Courtesy of the Oregon Department of Transportation
Hawthorne Station was selected to serve as an interim transit hub more than a decade ago, and some nearby neighbors say it's outgrown the space.

Disappearing public transit



When the gas tax proposal failed in 2016, Bend city leaders wanted to get behind a transportation bond measure that had a solid chance of passing, according to Bend City Councilor Bruce Abernethy.

The conservative members of the Council believed public transit would “poison” the bond, Abernethy said. In an effort to get them on board, and in reaction to propaganda declaring Bend’s “War on Cars,” the Bend City Council quietly omitted any mention of the word “transit” in its list of goals for the committee it was forming to advise the City Council on the bond measure. According to Ariel Méndez, a member the Citizen Transportation Advisory Committee, over the course of two years developing the City’s transportation plan, there was very little discussion about public transit.

A second justification for excluding transit from the conversation about Bend transportation, as Abernethy explained, was that transit was managed by an inter-city system (CET) and an intergovernmental council (COIC), and therefore it should have authority over its own planning.

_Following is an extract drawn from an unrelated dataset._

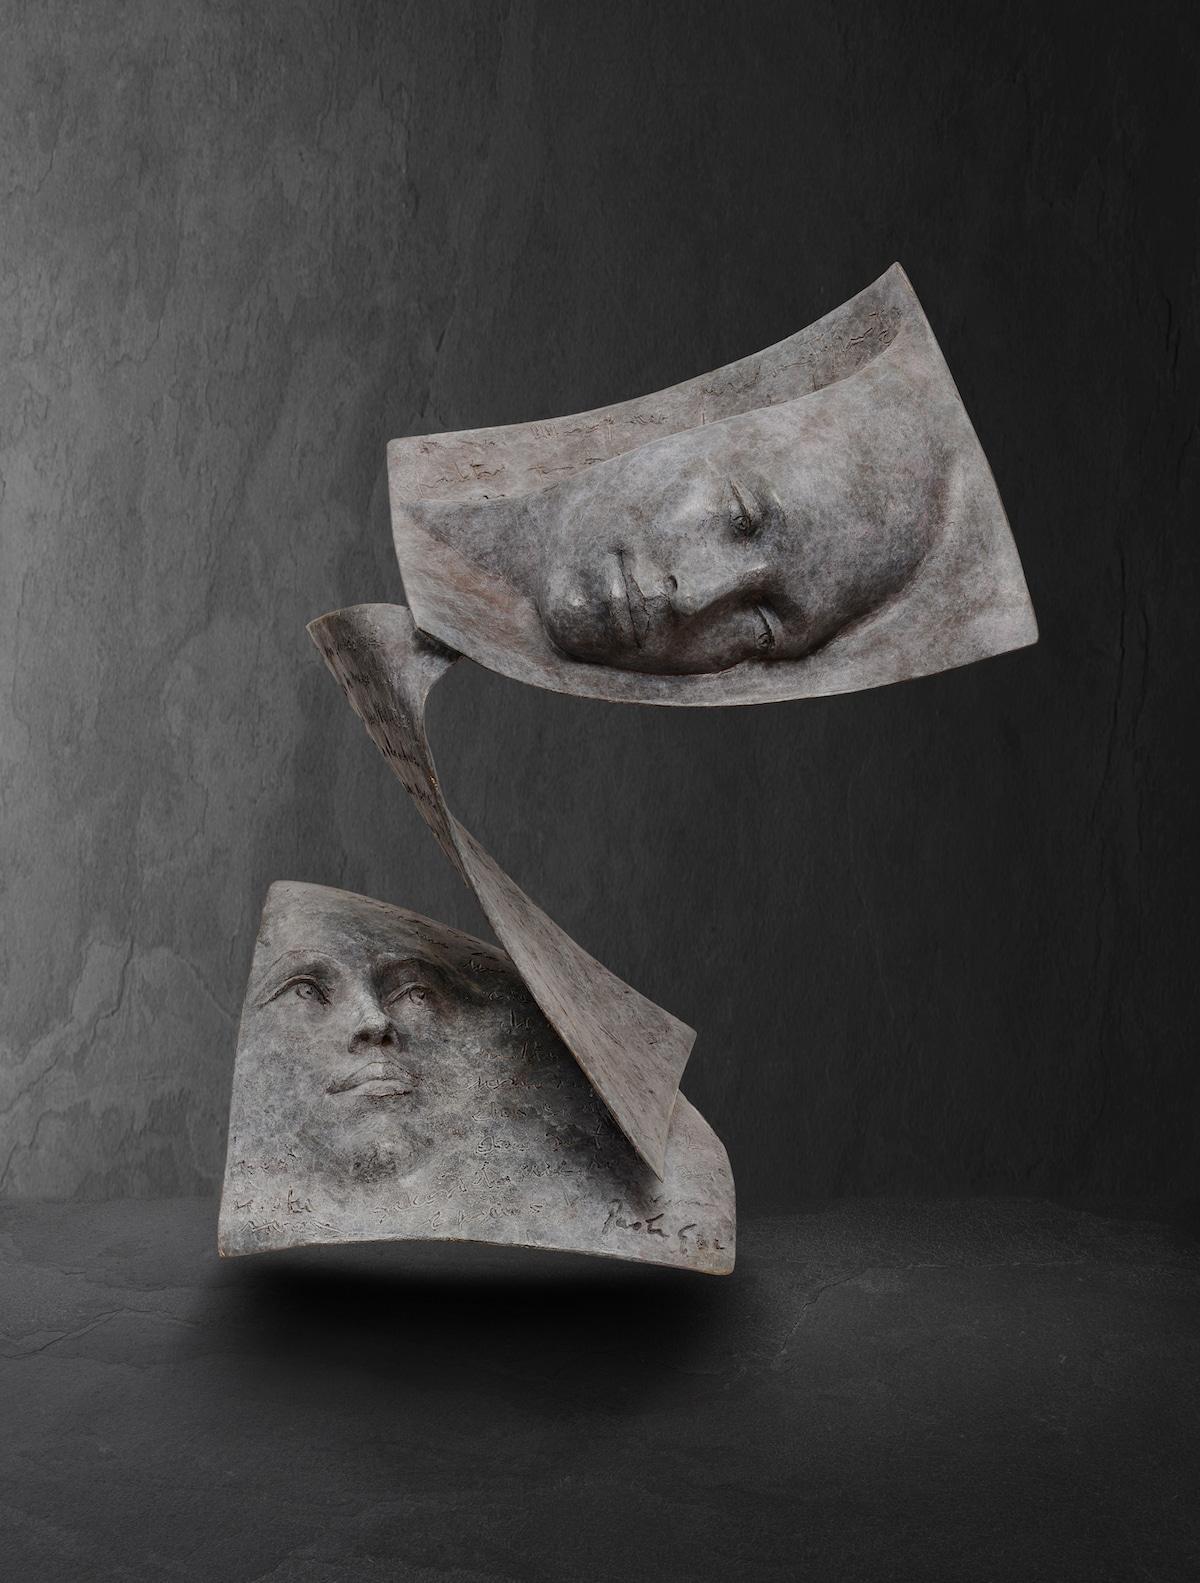 escultura en bronce por Paola Grizi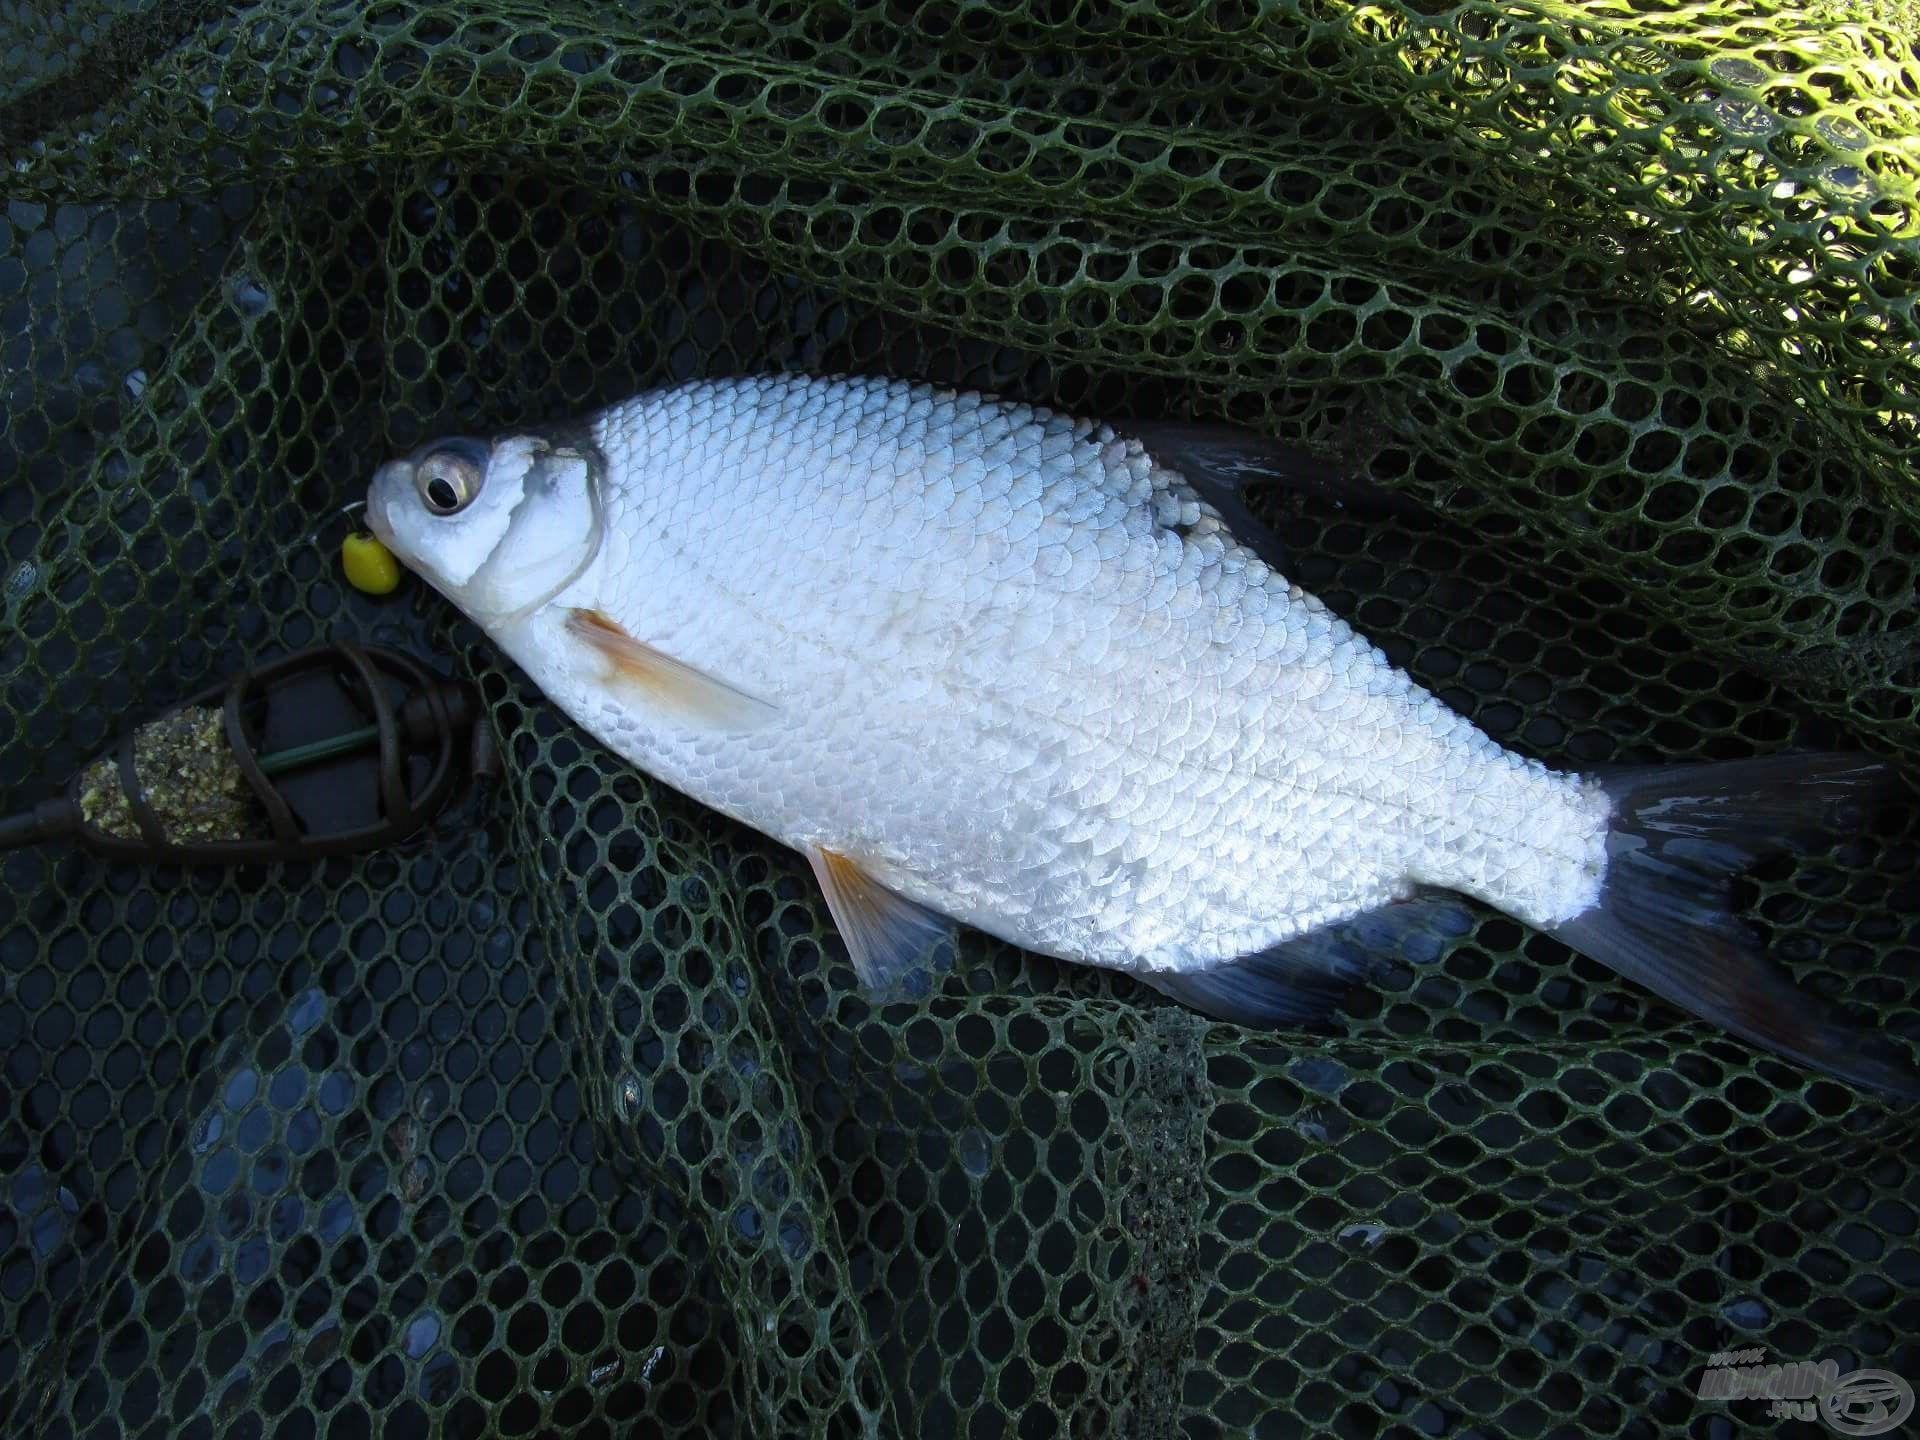 A természetes vízben élő halak érzékenyek a zavarásra, de az ananászos SpéciCorn segítségével sikerült horogra csalni egy újabb zalai karikát, majd valamivel később egy másikat

CET—a tiny organization with little control over its own funding—did eventually come up with its own 20-year plan. Critics of the TSP planning process, like Foote Morgan, say the City of Bend abdicated responsibility for its own growth. It could have provided brain power through its own City staff as well as other resources to support a more robust planning process for the next two decades of public transit, she said.



Future Funding



Abernethy explained that another reason some city councilors were resistant to supporting funding for transit was that CET recently began receiving millions per year from the State. In 2017, State legislators passed a mandate for the Statewide Transportation Improvement Fund bankrolled by a state payroll tax of one-tenth of 1%. This costs the average employee $1 per week. Most of this money is distributed to counties based on how much taxpayers contribute, and in Bend, this is funneled through Deschutes County before filtering through COIC and CET. The state fund also provides grant opportunities.

CET’s base budget for this fiscal year is $5.8 million. STIF funding adds an additional $3.6 million, which should continue to go up by an additional $1 million every five years or so.

Meanwhile, the City’s contract providing $1 million a year to CET is up. Anti-transit activists have suggested that the City Council vote to strip the agency of this funding, now that is it getting more money from the State.

Abernethy said CET may qualify for more federal funds if former Vice President Joe Biden wins the 2020 presidential election, because Biden has proposed spending $2 trillion on a “Build Back Better” plan which includes funding for public transit. Right now, nearly half of CET’s funding comes from the federal government, to the tune of $2.5 million in 2018.